* _EXERCISE DESCRIPTION_: Starting with the line that contains "System and method", copy every line through the end of the listing, exactly and only those. No pictures should appear in the copy.

* _INFORMATION SUPPLIED_:
BEGIN
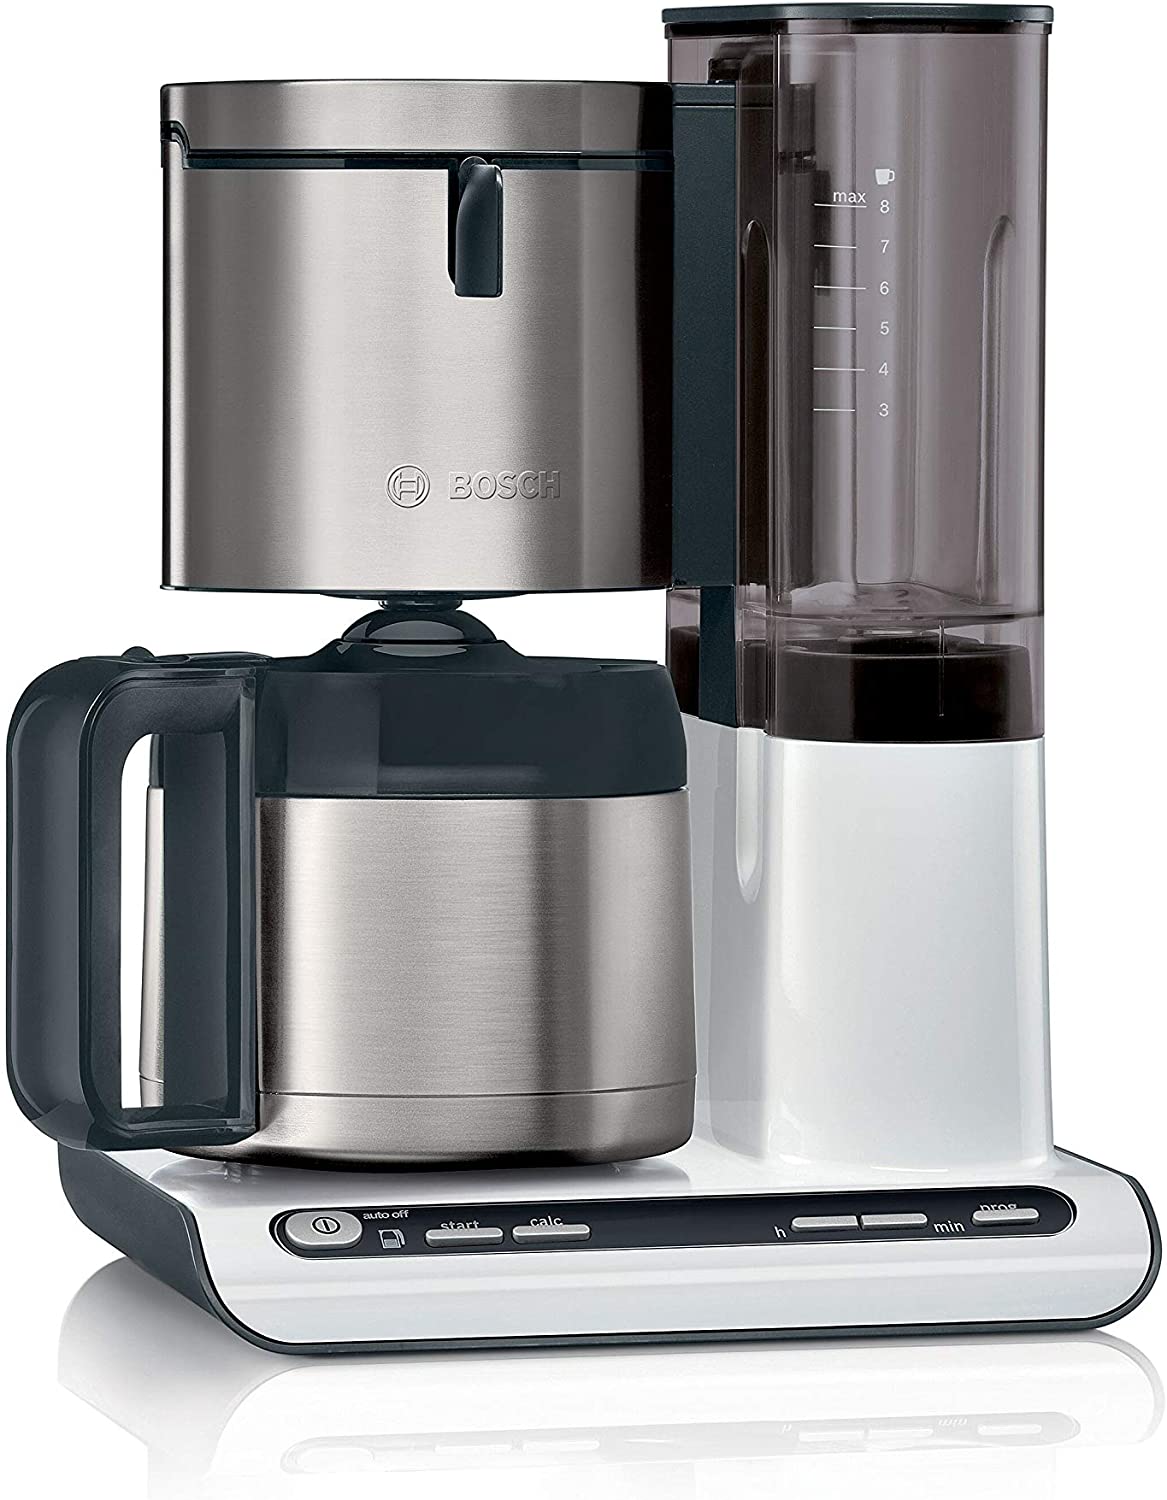 Bosch Hausgerate Bosch Styline TKA8A681 Filter Coffee Machine, Aroma Sensor, Stainless Steel Thermal Jug 1.1 L, for 8-12 Cups, Automatic Shut-Off, Descaling System, Drip Stop, Removable Water Tank (1 L), 1100 W, White
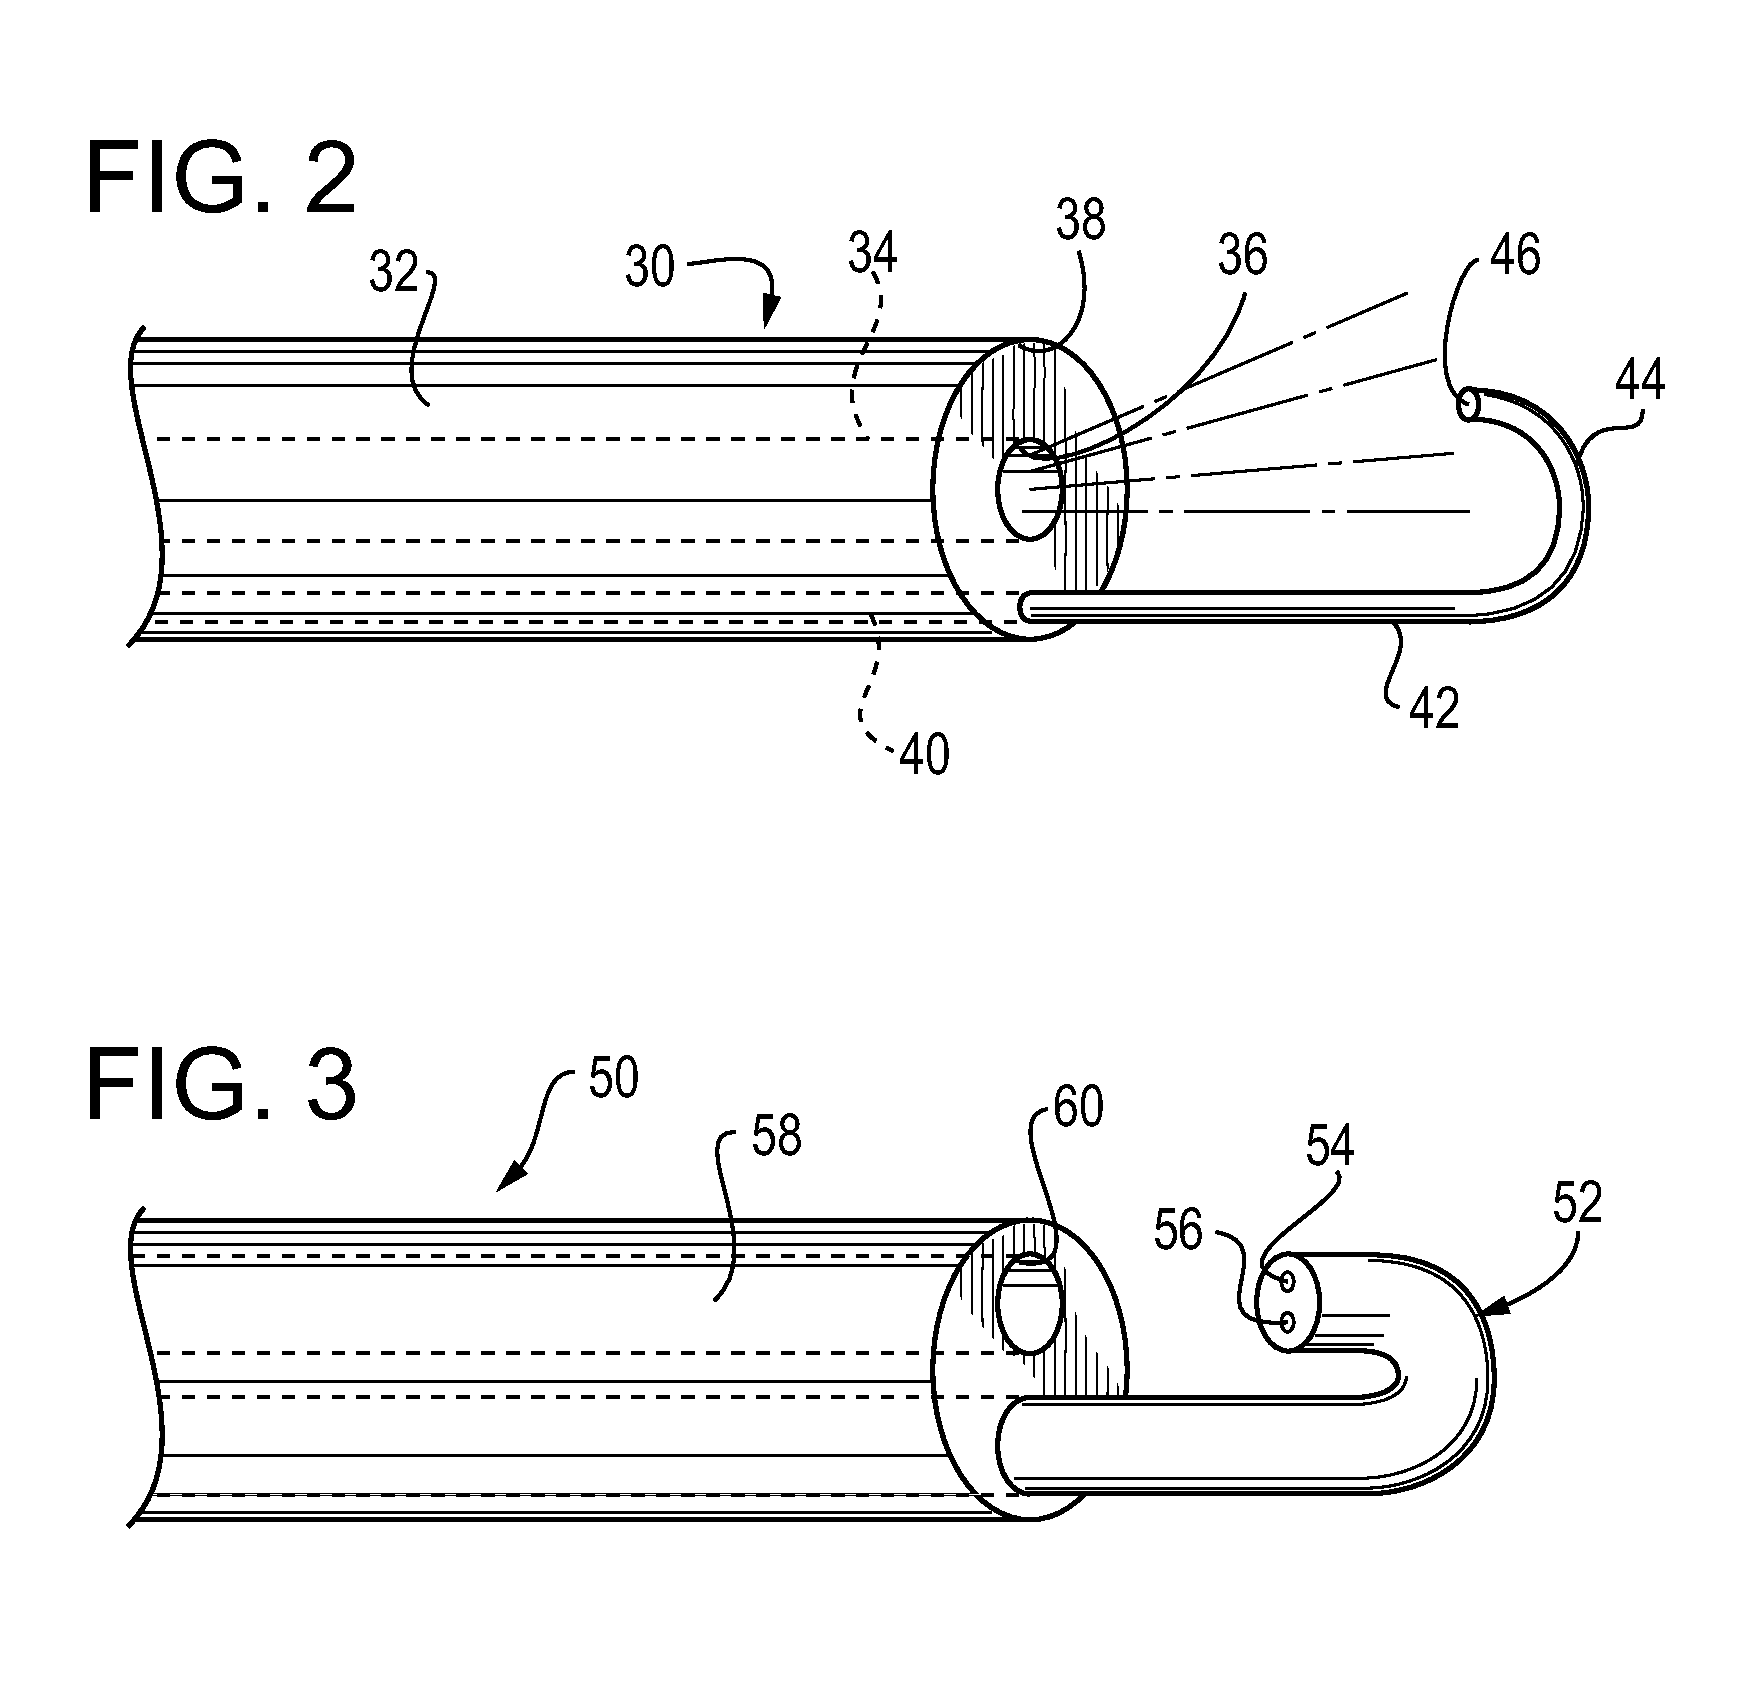 System and method for delivering an Anti-adhesive substance to a body cavity
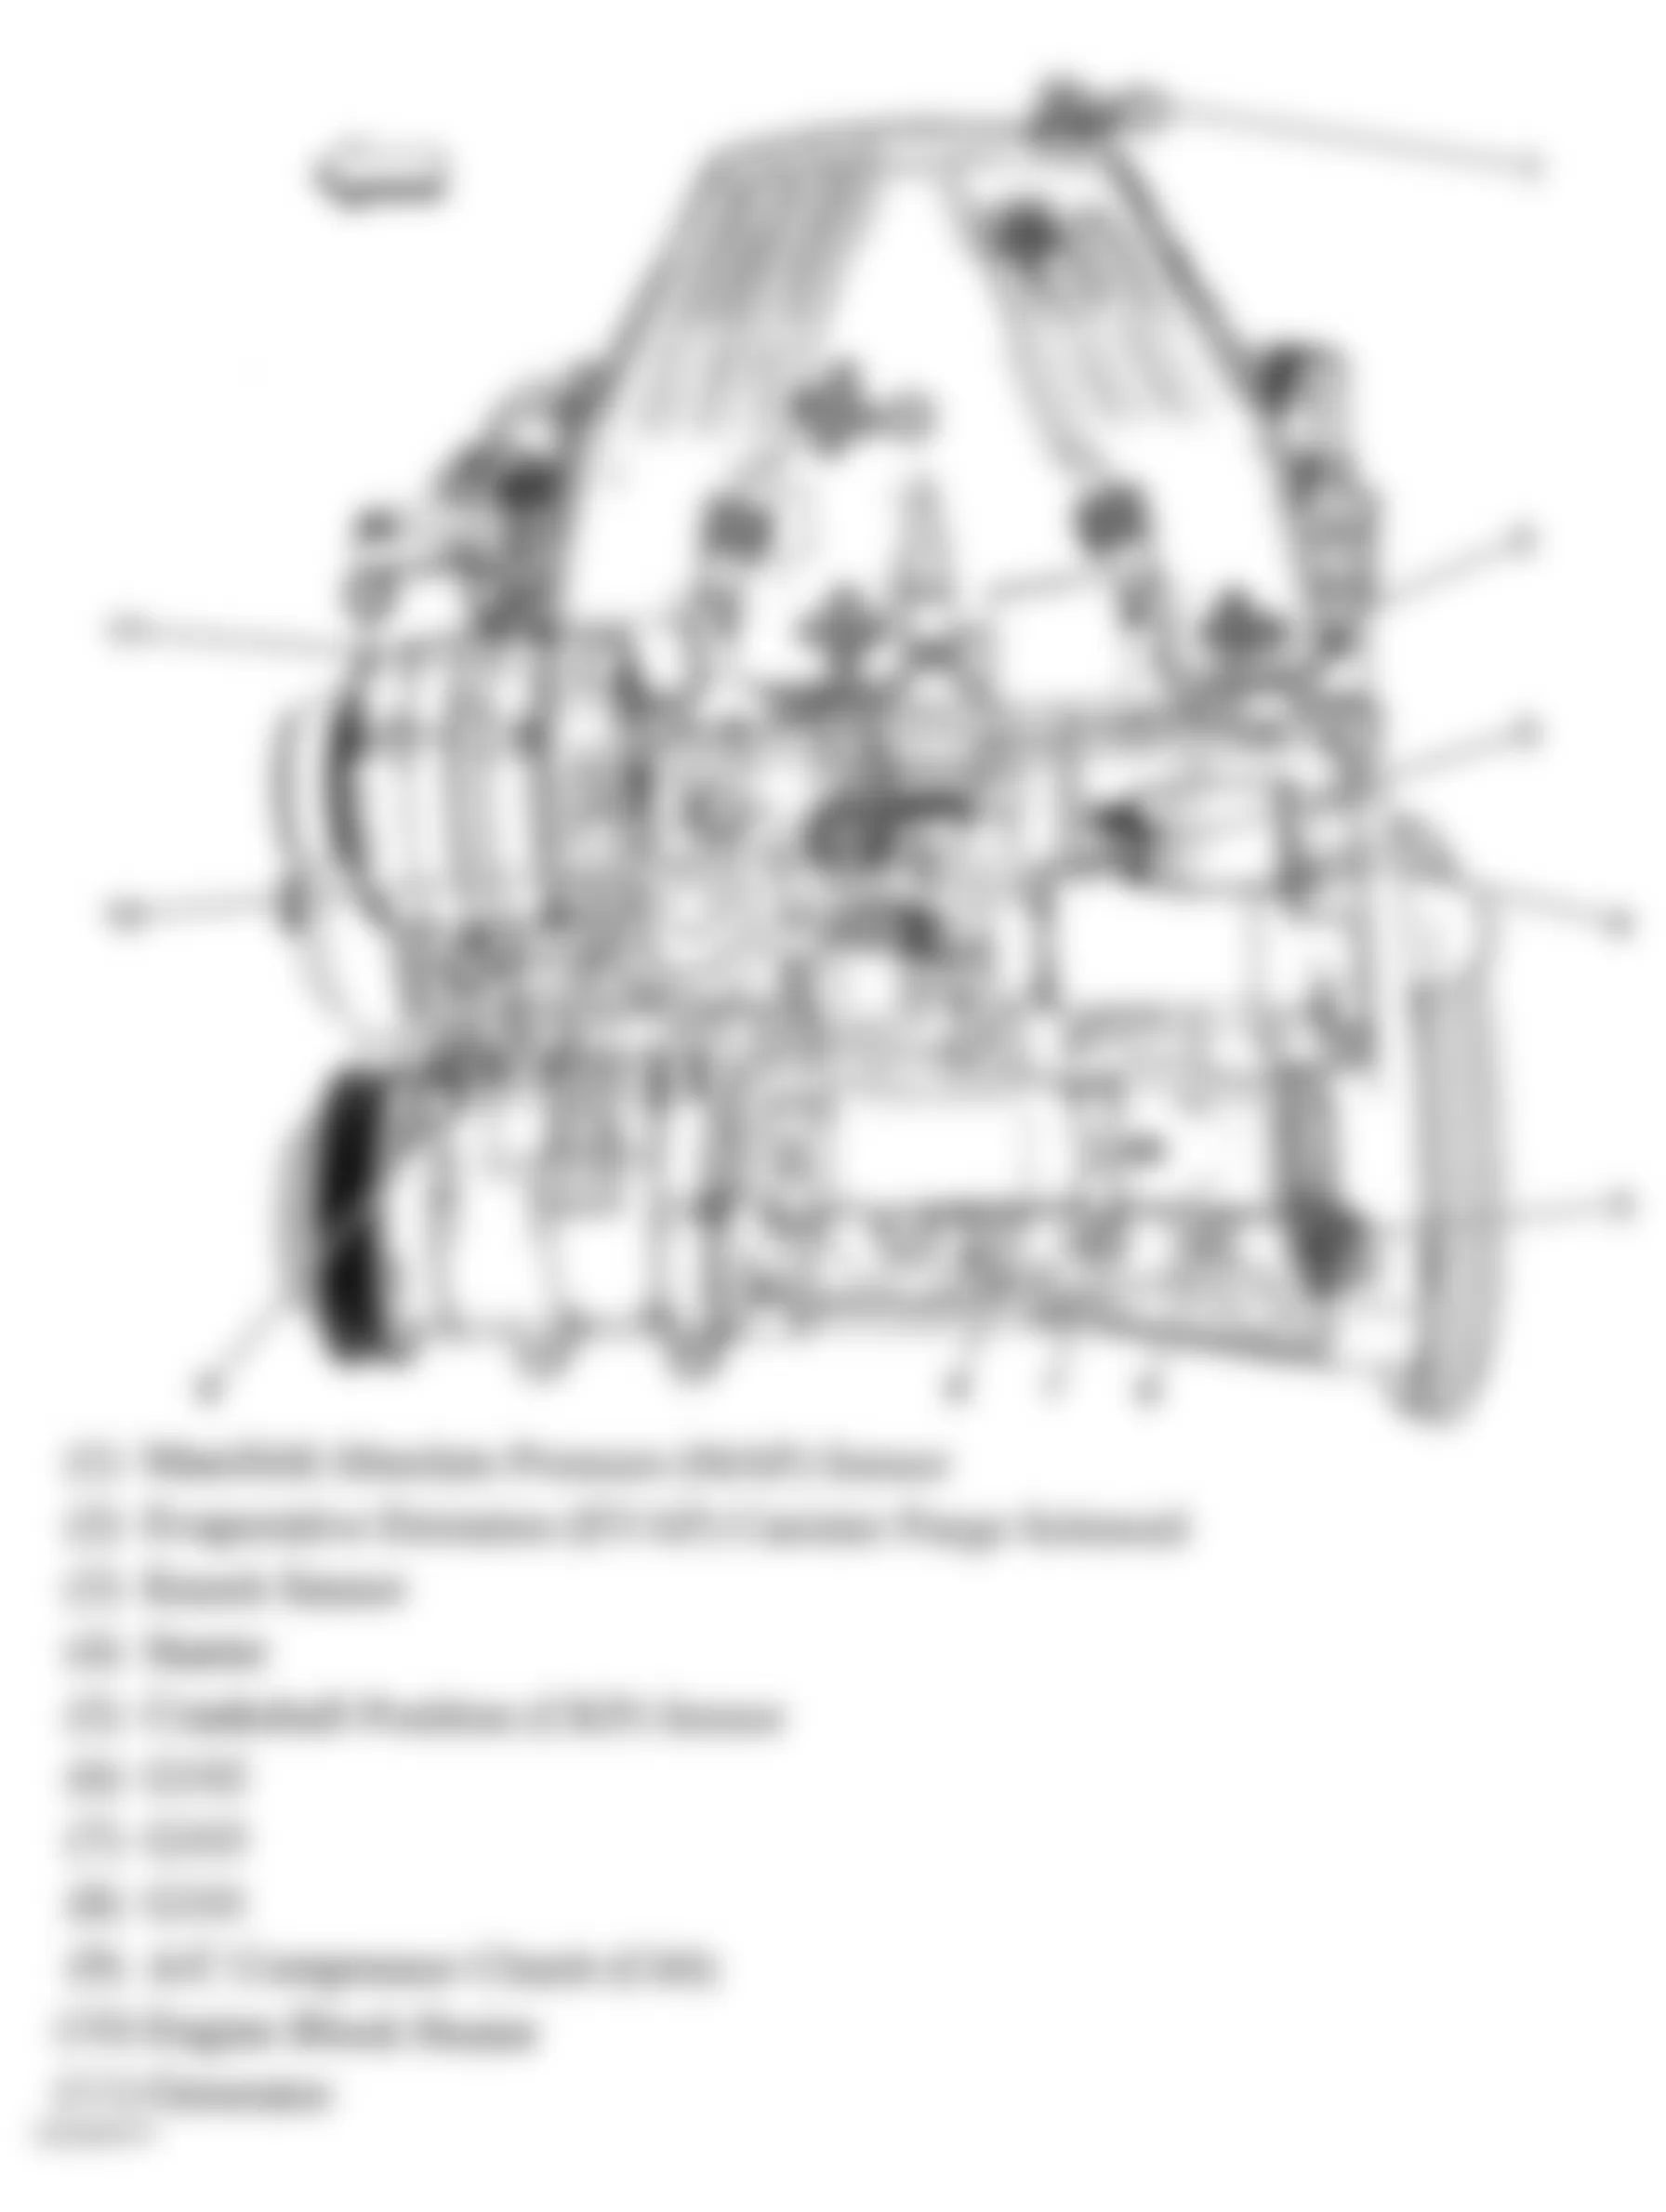 GMC Canyon 2005 - Component Locations -  Top View Of Engine (2.8L)
END
* _RESPONSE BOX_:
 System and method for delivering an Anti-adhesive substance to a body cavity
 GMC Canyon 2005 - Component Locations -  Top View Of Engine (2.8L)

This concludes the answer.